Where is Bow ? In the unfashionable
East. To go to Bow, you must go down
Whitechapel way, and Bow is farther to the
eastward than Whitechapel. But then, so is
Persia. If a man living in London wishes to
go to Bow, let him go past the Whitechapel
shambles and the hay-carts, to Whitechapel
gate. Then he must walk, under a clear blue
sky, like that which favoured us on our own
first journey to Bow. The great breadth of the
highway, and the picturesque variety of the
small houses lining it on either side, tend very
much to make one cheerful.

After a great deal of walking, we got to
suburban terraces, and villas, and little
cottages with large bells, awful in " Kitchen"

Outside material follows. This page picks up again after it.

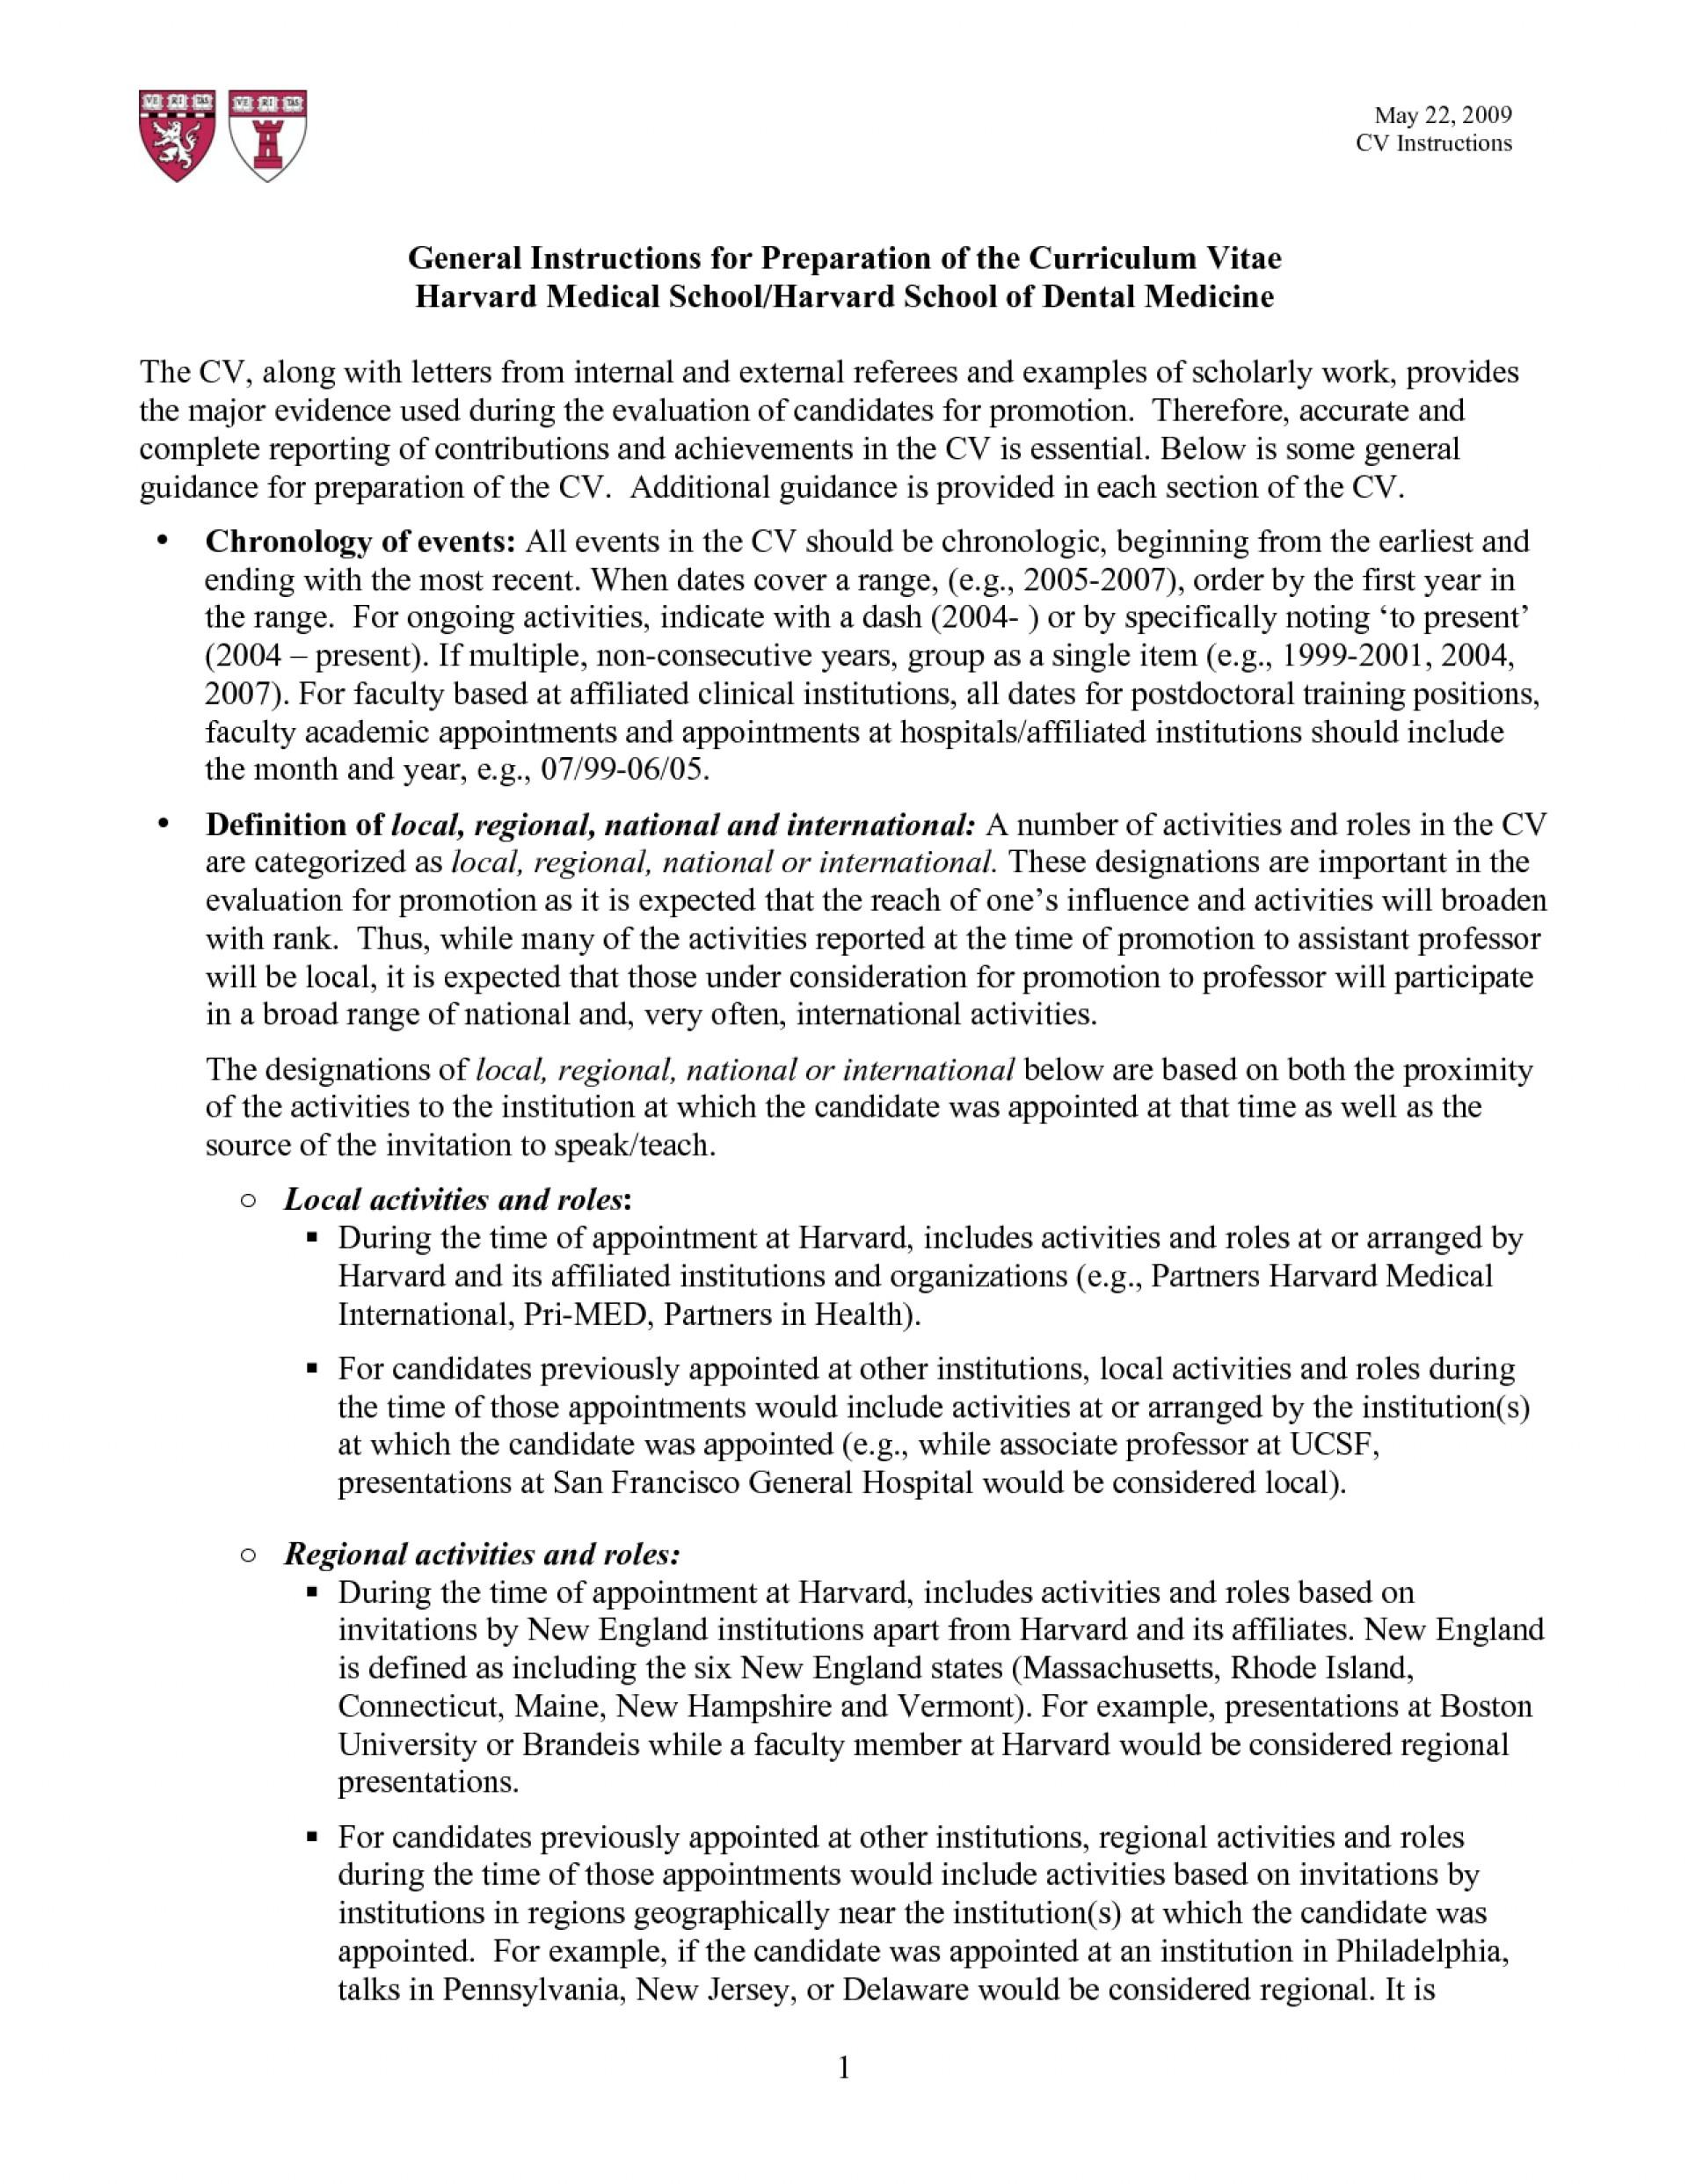 011 Harvard Accepted Essays Essay Example Cv Template Medical School Fantastic Business Reddit College Book 1920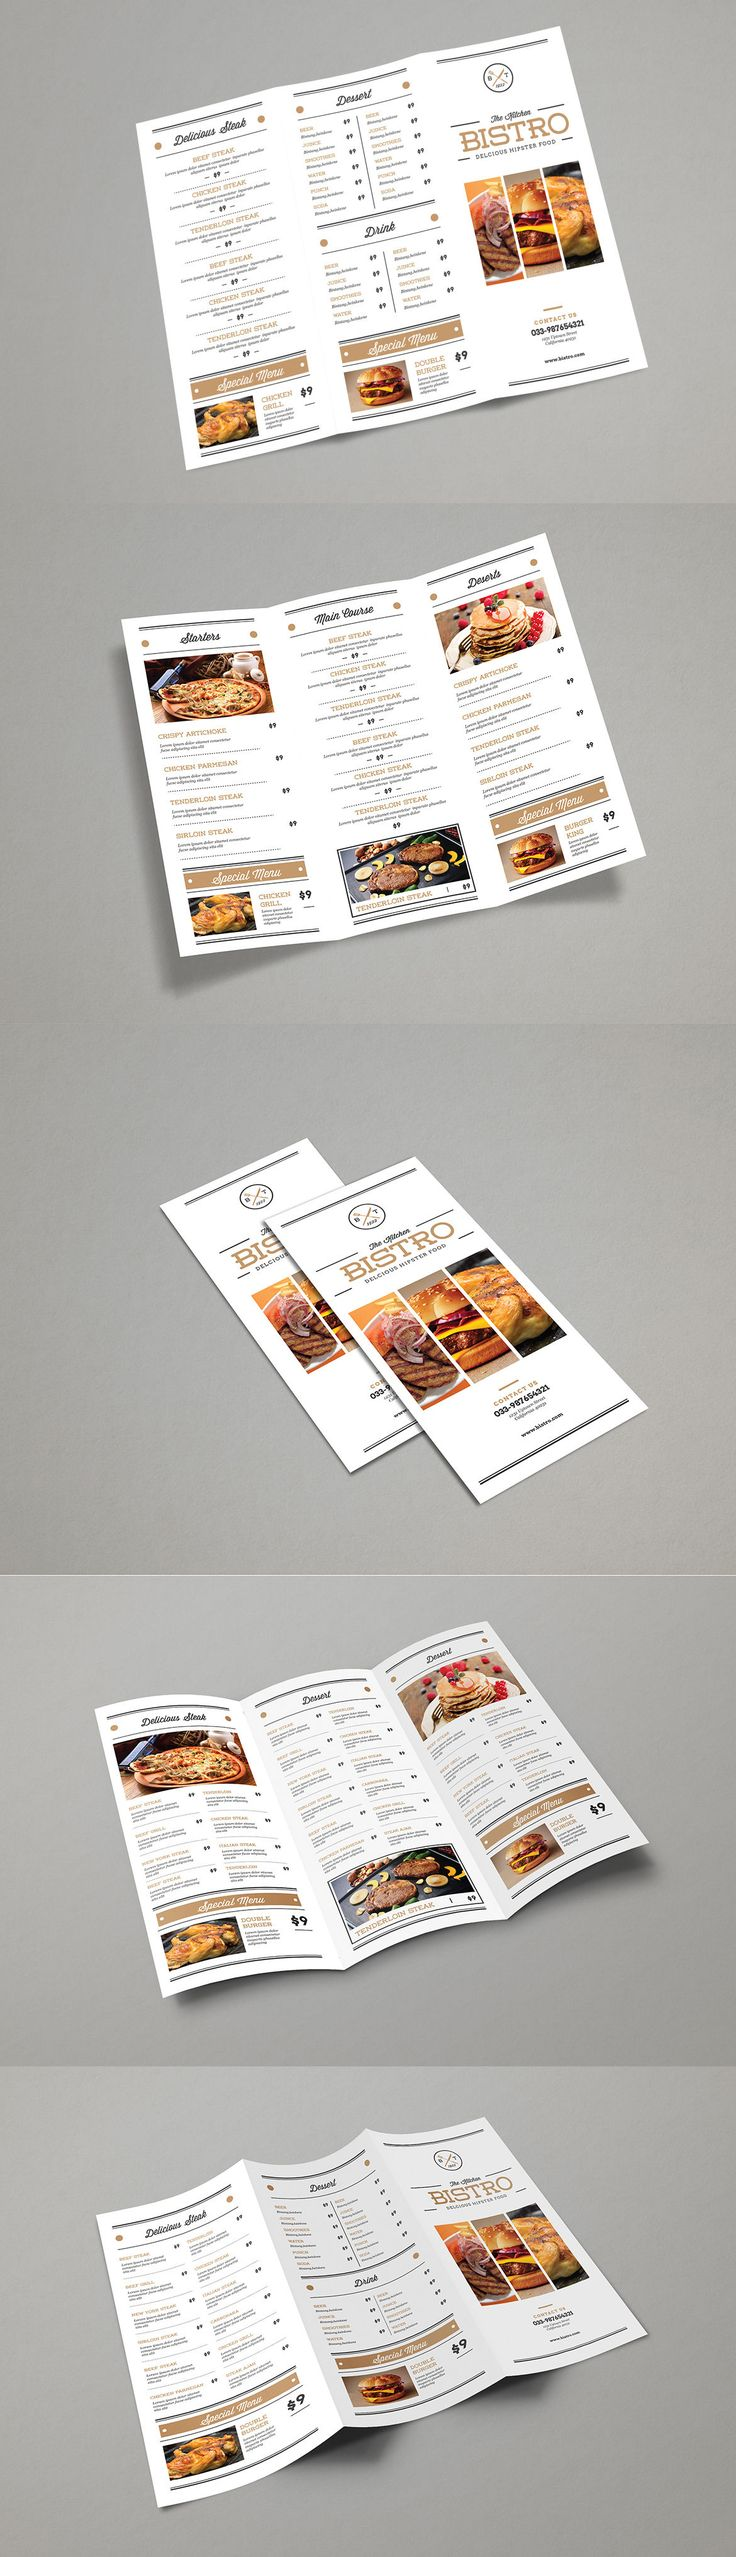 Trifold Minimalis Menu Brochure Template Vector AI, PSD

and " Visitors " gentility. The gardens before
the houses rich in blossoming almond-trees;
under one railway, and in the next half
minute over another; a little bit of genteel
suburb, and then suddenly the thoroughly old-
fashioned village of Bow.

Bow's pardon must be begged if it be not a
village. There is a good old-fashioned church,
with a great crumbling square tower and a
flag-staff; and there are old shops and houses
up one side of the church, and down the other
side of the church to Bow Bridge; over the
bridge we looked down upon a fine piece of
mud, and it took us from Bow to a road lined
with unaccountable-looking factories and
workers' cottages, not unlike a slip
transplanted out of the far suburbs of Manchester.